An agency relationship may be established by.conduct, or by written or oral contract (see, Standard Bldrs. Supplies v Gush, 206 AD2d 720). Here, the contracts between Pyramid and Brosseau contain neither an express provision creating an agency relationship nor language from which one may be implied. An agency relationship by conduct may be established by “words or conduct of a principal, communicated to a third party, that gives rise to an appearance and reasonable belief that an agency has been created and the agent possesses the authority to enter into a transaction” (Hoysradt v Nilles Ford-Mercury, 168 AD2d 824, 825). The record is devoid of any evidence that at the time WESCO entered into its contracts with Brosseau, it was aware of any conduct on the part of Pyramid giving rise to a reasonable belief that an agency relationship had been created which authorized Brosseau to enter into the contracts on Pyramid’s behalf or to bind Pyramid to the terms thereof (see, Callanan Indus. v Olympian Dev., 225 AD2d 941; Standard Bldrs. Supplies v Gush, supra). Accordingly, we find no error in Supreme Court’s implicit rejection of this claim.

We do find, however, that the judgment must be modified, because as it presently stands WESCO would receive an inequitable and presumably unintended windfall. As previously noted, Supreme Court awarded judgment in favor of WESCO against Pyramid in the amount of $335,415.57, plus statutory interest in the amount of $340,581.06 and costs and disbursements in the amount of $2,965, for a total of $678,961.63. As against Brosseau, Supreme Court determined that WESCO was entitled to receive $335,415.57, plus contractual interest in the amount of $729,409.39, counsel fees per the contract in the amount of $152,194, and costs and disbursements in the amount of $2,640, for total judgment in the amount of $1,219,658.96. Of these amounts, Supreme Court ordered that the core indebtedness of $335,415.57 was the joint and several liability of Pyramid and Brosseau. However, WESCO should not recover interest twice. Therefore, the judgment should be modified so as to provide that the sum of $335,415.57, plus statutory interest in the amount of $340,581.06, is the joint and several liability of Brosseau and Pyramid.

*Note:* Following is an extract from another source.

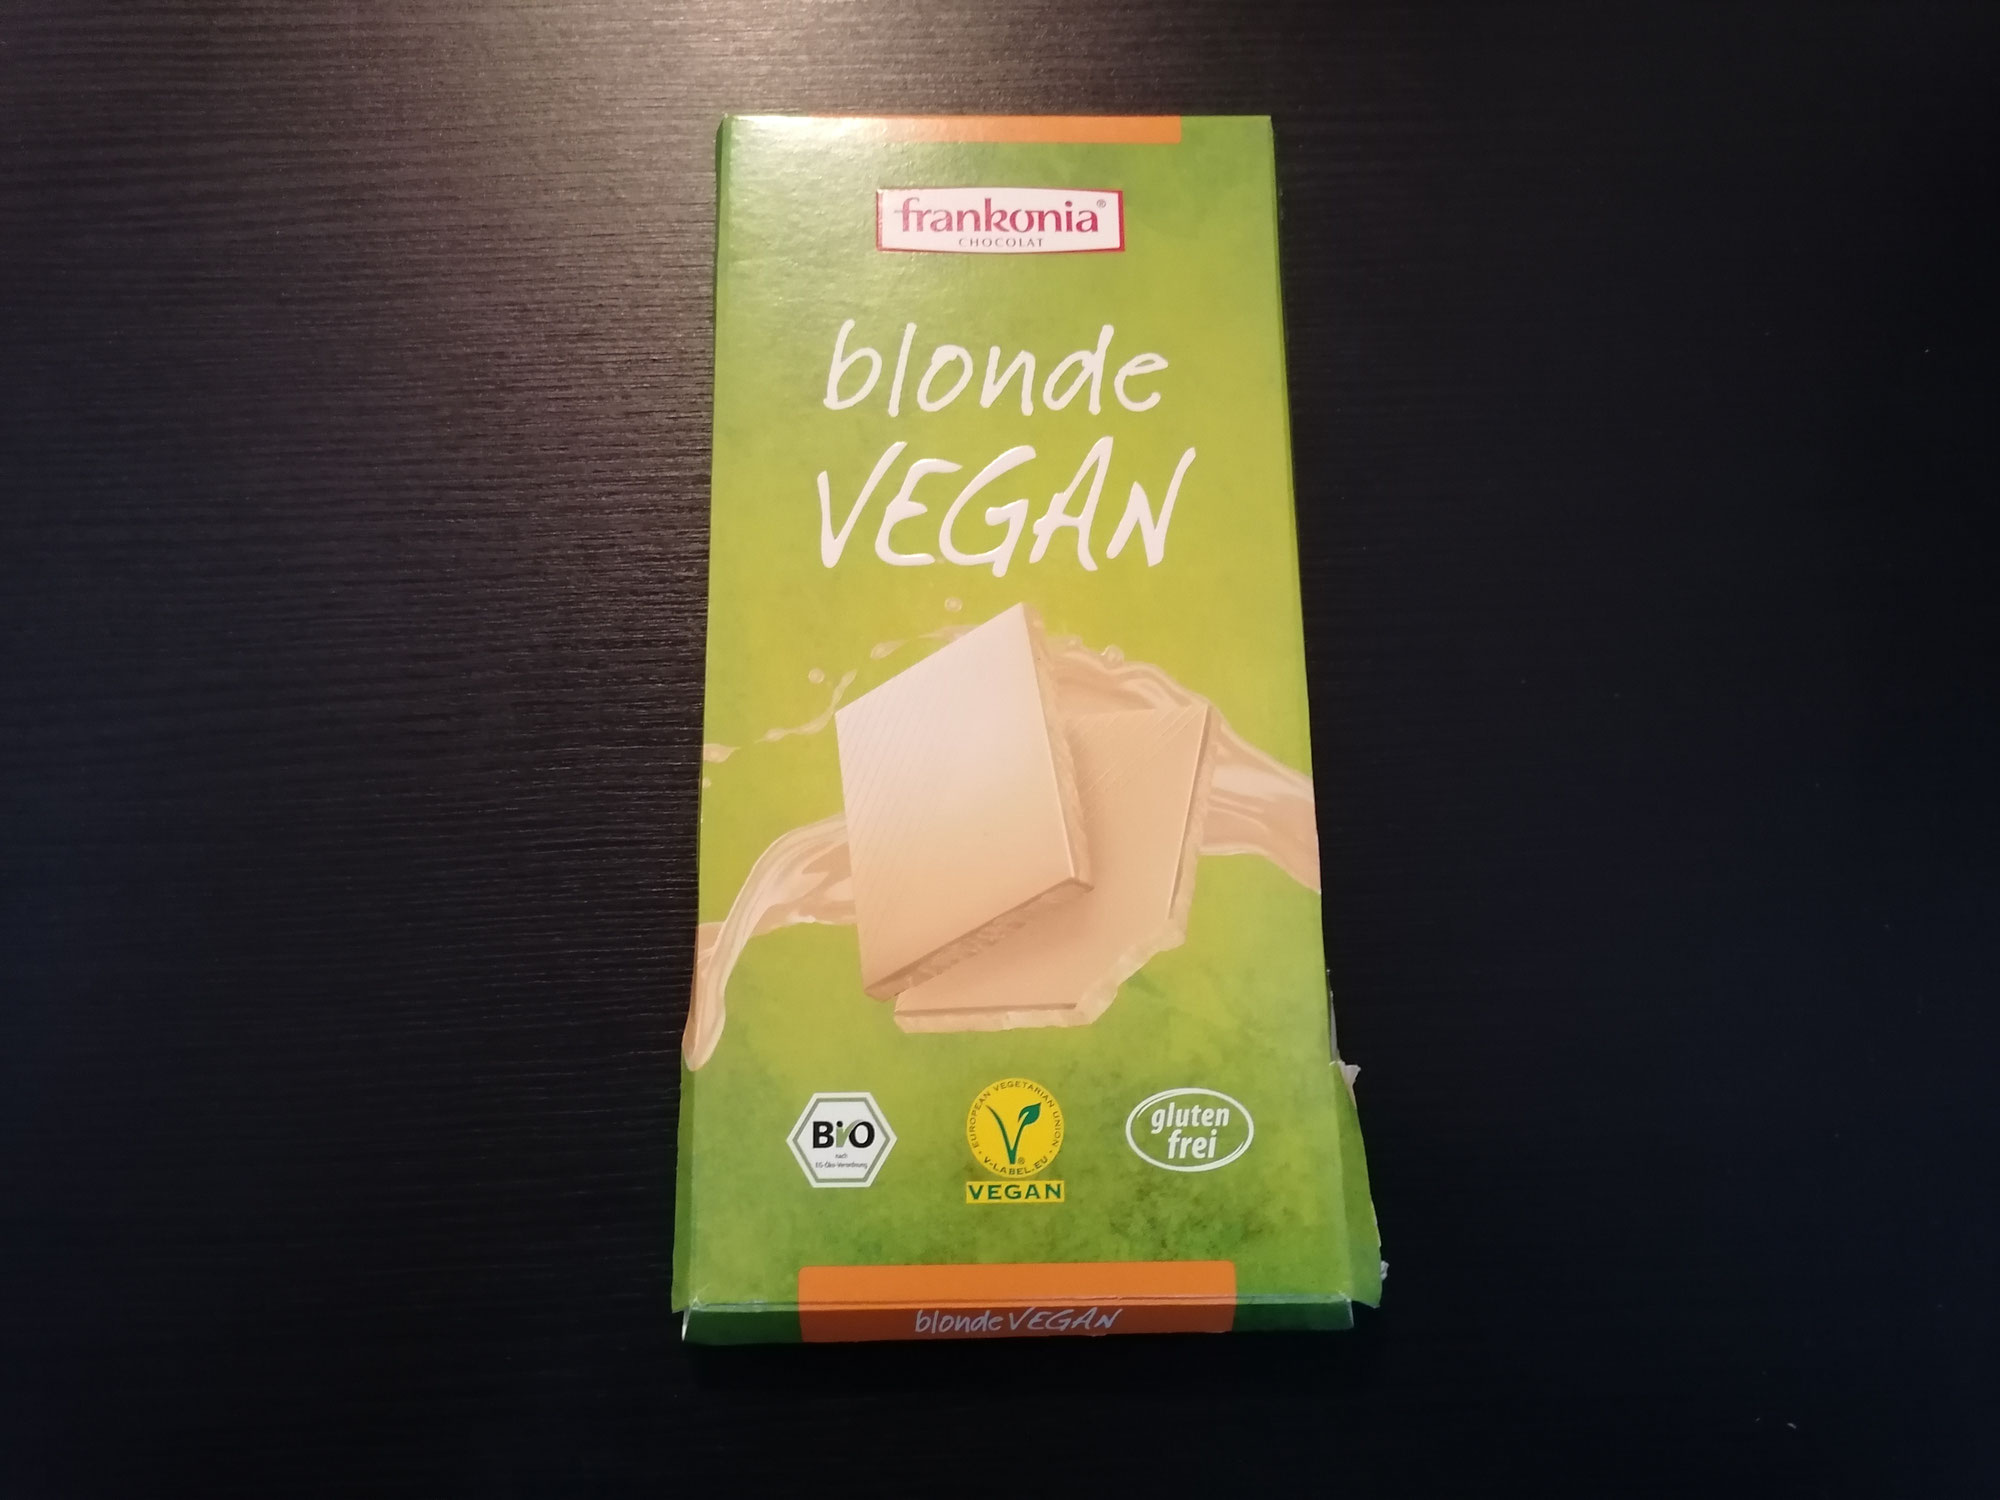 frankonia blonde vegan

The parties’ remaining contentions have been considered and rejected as without merit.

Cardona, P. J., Yesawich Jr., Peters and Mugglin, JJ., concur. Ordered that the order and judgment is modified, on the law and the facts, without costs, by providing that the sum of $675,996.61 owed to Westinghouse Electric Supply Company is the joint and several liability of R.P. Brosseau & Company and Pyramid Champlain Company, and, as so modified, affirmed. 
      
      . Pyramid did advance Brosseau a small portion of the requisitioned amount so as to enable him to meet his payroll and keep his crews working on the project.
     
      
      . Contrary to Pyramid’s suggestions in its brief, oar prior determination on this issue (156 AD2d 851) was solely that unresolved questions of fact precluded summary judgment in favor of WESCO as to whether Pyramid assented to payment of Brosseau’s debt to WESCO.